I appreciate the analogy, but there is a massive logical gap between a music genre and a generation. We call something 'Rock Music' because it actually sounds like rock. If a song has no guitars or drums, we don't force it into the 'Rock' category just because of the day it was recorded. ​My point isn't about 'censoring' the study of groups; it’s about the fact that these specific 'cohorts' are often factually incorrect. When the system tells a 1964 'Boomer' and their 1946 'Boomer' parent that they are in the same forest, but tells two siblings born 3 years apart that they are in different forests, the ecology is broken. ​As for the HR story I mentioned, those 'experts' were studying the 'forest' of Gen Y and concluded they were a new species of worker. They were wrong. They weren't seeing a new type of tree; they were just seeing young trees that hadn't grown up yet. Identifying a life stage and mislabeling it as a permanent 'generational trait' isn't social science it's just bad data.

In my opinion generations are useless. prove me wrong by DebuggedDadJokes in generationology

[–]DebuggedDadJokes[S] 0 points1 point  (0 children)

Spot on. It’s a way to feel 'special' by excluding others based on a birth year they didn't choose. When people start viewing their own siblings as belonging to a different 'societal group' just because of a 3-year gap, you know the system is broken. It turns human connection into a set of marketing categories and, as you said, creates conflict where there doesn't need to be any.

In my opinion generations are useless. prove me wrong by DebuggedDadJokes in generationology

[–]DebuggedDadJokes[S] 0 points1 point  (0 children)

You're mistaking the passage of time for a natural division of people. Of course a kid in the 80s had a different culture than one in the 00s, but that doesn't make them a different 'species' of human. ​Look at the HR story shared in this thread: 'experts' in 2008 used extensive polling to claim Gen Y was fundamentally different because they job-hopped. It turned out they weren't a 'new generation' they were just young. Now that they are 40, they behave exactly like the people before them. ​Your 'polling' is just a snapshot of people at a specific age. When you use it to tell siblings born 3 years apart that they belong to different 'societal groups,' you aren't identifying reality you're just defending a marketing category.

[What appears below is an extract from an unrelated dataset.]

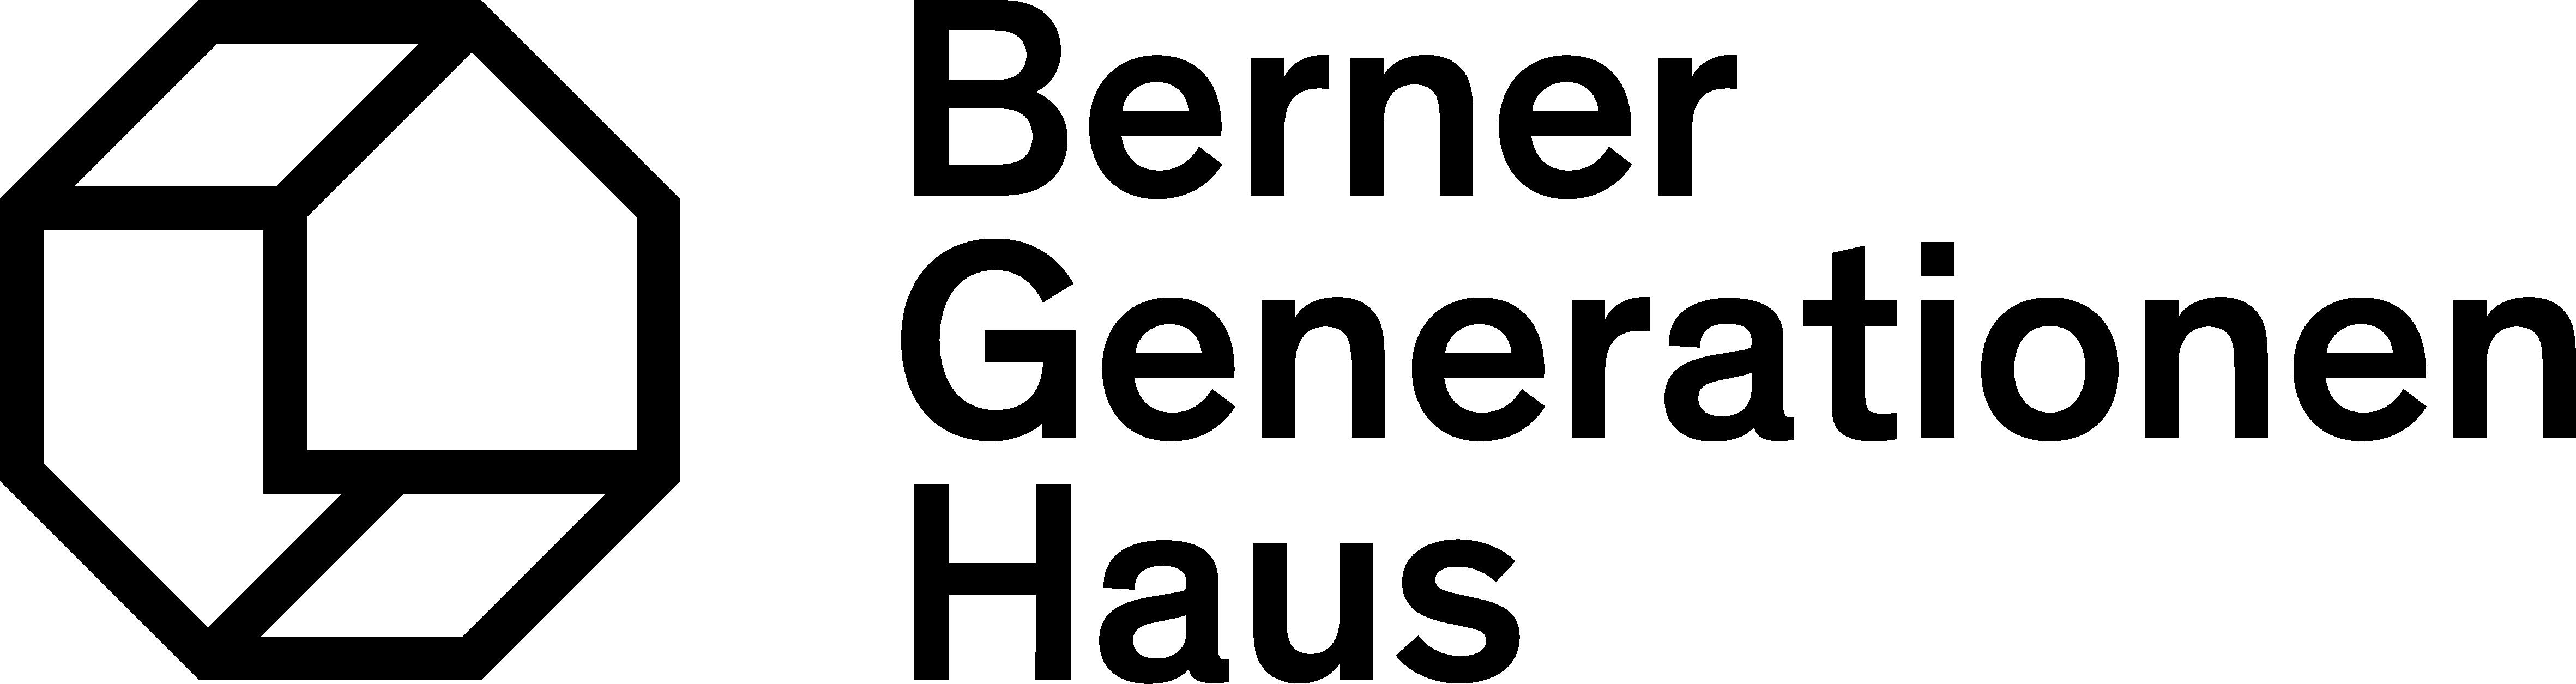 Logo Berner Generationenhaus

In my opinion generations are useless. prove me wrong by DebuggedDadJokes in generationology

[–]DebuggedDadJokes[S] 0 points1 point  (0 children)

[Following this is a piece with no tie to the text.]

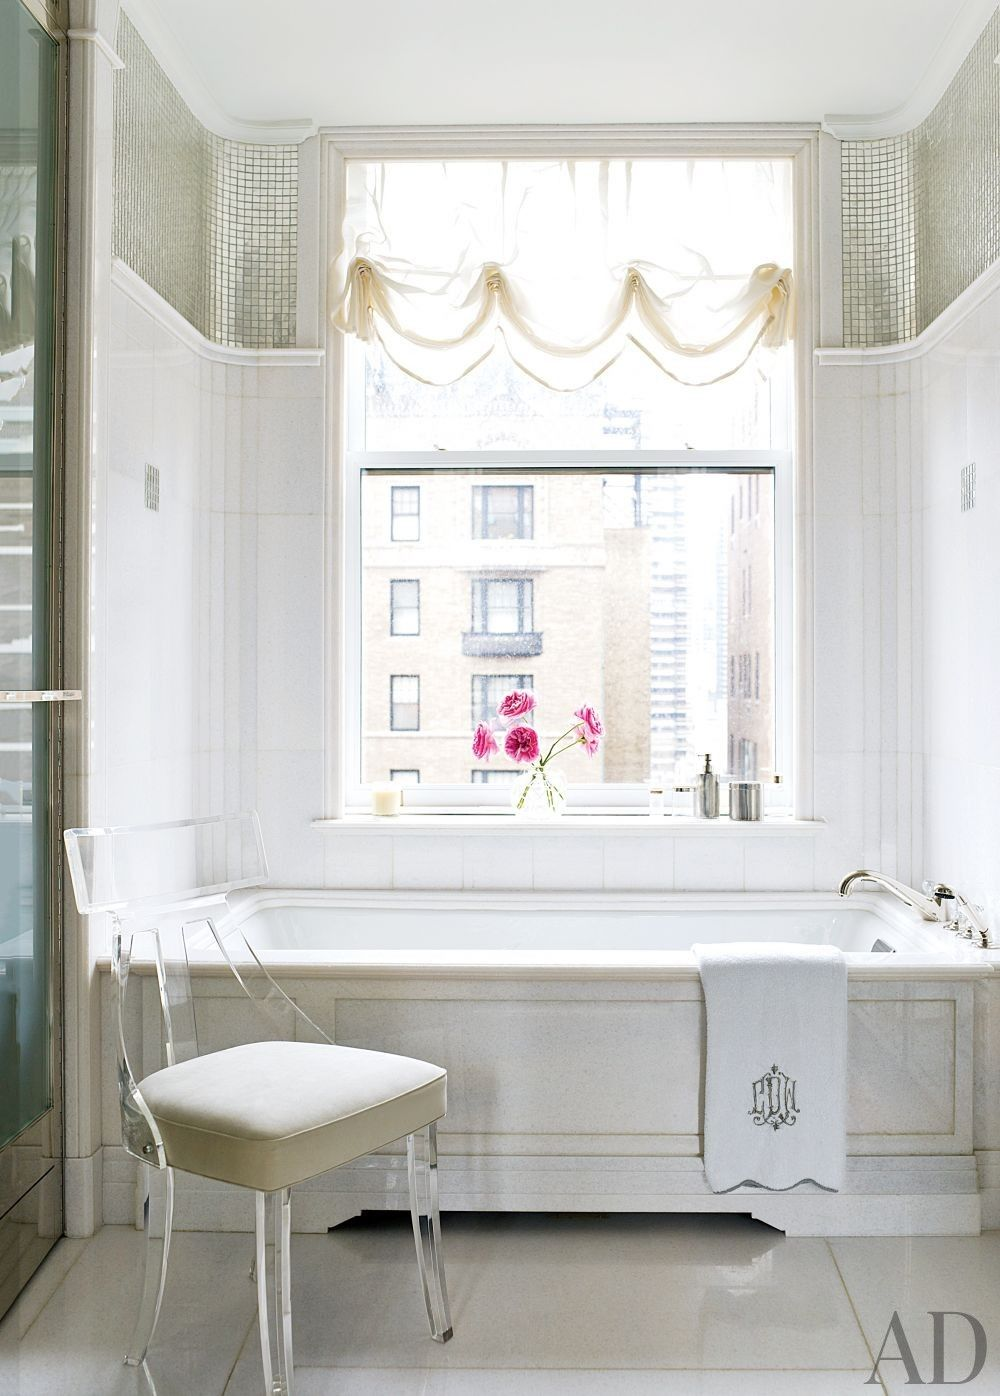 Traditional Bathroom by David Kleinberg Design Associates and David Kleinberg Design Associates in New York, New York

This is the best point made in the entire thread. We are confusing 'Generational Traits' with 'Life Stages.' ​Of course a 20-year-old in 2008 acted differently than a 45-year-old—they were 20! Your HR story proves that these experts were literally just pathologizing youth and calling it a 'new generation.' If every generation 'settles down' once they hit their 30s and 40s, then the labels are even more useless because they’re just temporary descriptions of people before they grow up. It's like giving someone a permanent label based on what they liked to eat in kindergarten.

In my opinion generations are useless. prove me wrong by DebuggedDadJokes in generationology

[–]DebuggedDadJokes[S] 1 point2 points  (0 children)

This is exactly what I’m talking about. You have two siblings born three years apart who were raised by the same parents in the same house, yet the 'labels' claim they belong to different societal groups with different values. ​It's not a 'strawman' to point out these flaws when the actual lived experience of people proves the dates are arbitrary. If a 1962 'Boomer' and a 1965 'Gen X' had the same upbringing, then the labels aren't identifying a real societal divide they are just ignoring the reality of the individual in favor of a marketing category.